I guess a lot of it is my fault too because I havent taken this issue to him. He isn't one to start a deep conversation, but he will contribute if I want to discuss things. I know how much hurt his past has caused him and I just didn't want to say anything especially when I thought it may have just been me.
Unfortunately the add for the paper route isnt in the paper. I will keep watching. This route would have made 175 a week for 3 hours a night!!! Night meaning 1am which would have been perfect, no sitter needed. I think 175 a would be quite enough for me to buy my kids a happy meal or a toy don't you?
The route I was told takes 4 days to train, so maybe the person will not like it or want something else. If it comes available again, I will take it, and talk to my husband and tell him WHY I want the route.

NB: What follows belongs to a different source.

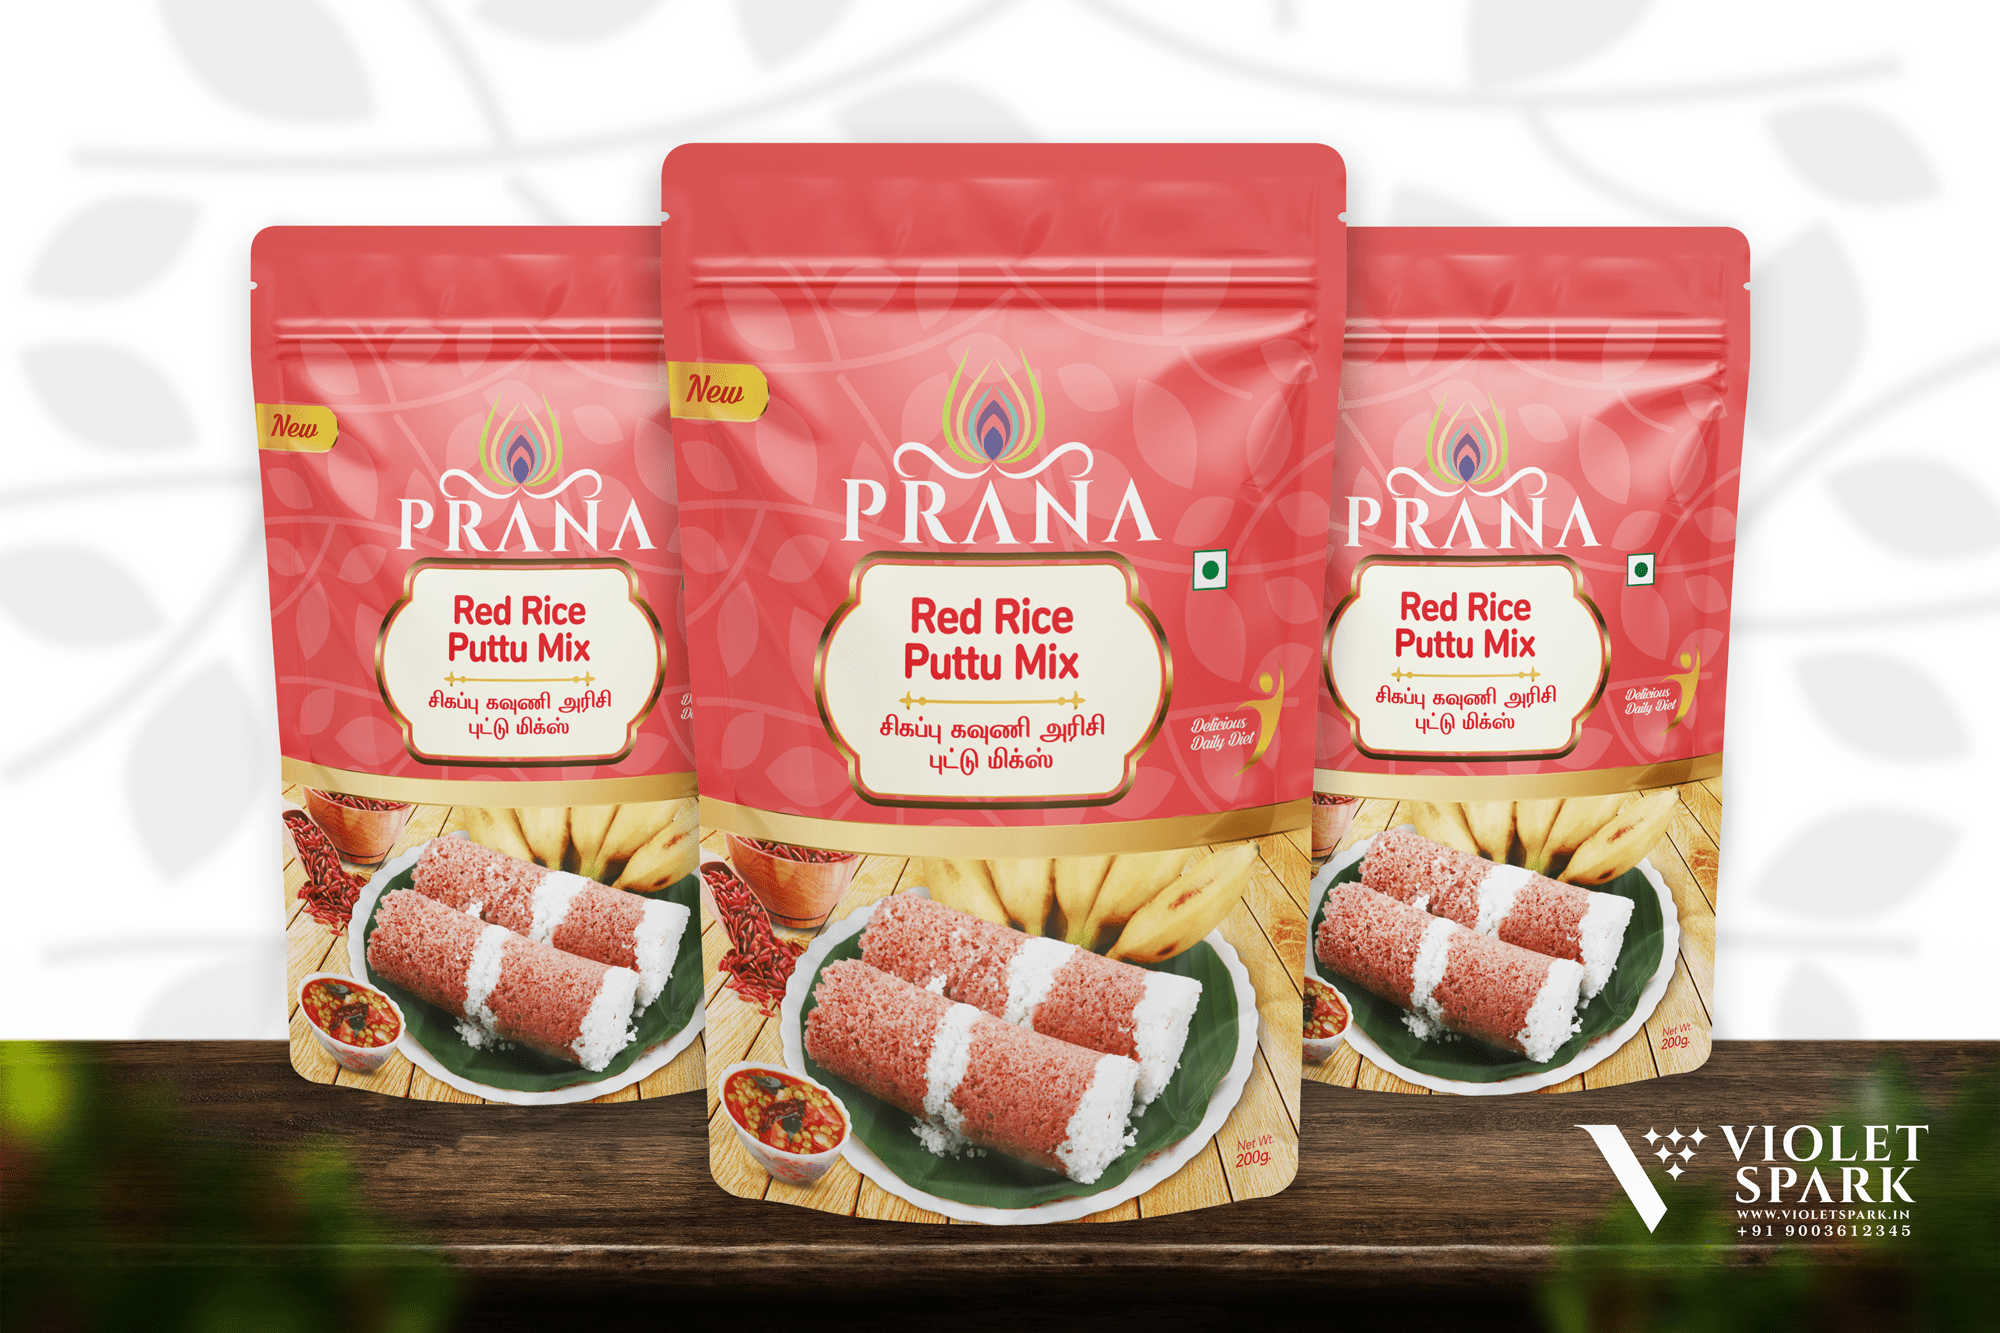 Prana Red Rice Puttu Mix Graphic Design, Branding Packaging Design in Bangalore by Creative Prints thecreativeprints

He's never talked mean, asked me how much I spent, or made an issue of anything I've bought. I really dont think hes aware of how I feel and if he did know I think he would be okay with something part time as long as the kids didnt go to daycare. Thats one thing we both want to avoid at all costs. I think it is so important to be home with the kids. Its the most stressful, emotional,physical and rewarding job anyone could have. WE are SO important, and my husband knows this as well.
Thank you for sharing your stories, and input. I will have a talk with him, when I do, I will post.
Have a good weekend!!! and thanks again, you all are great!!!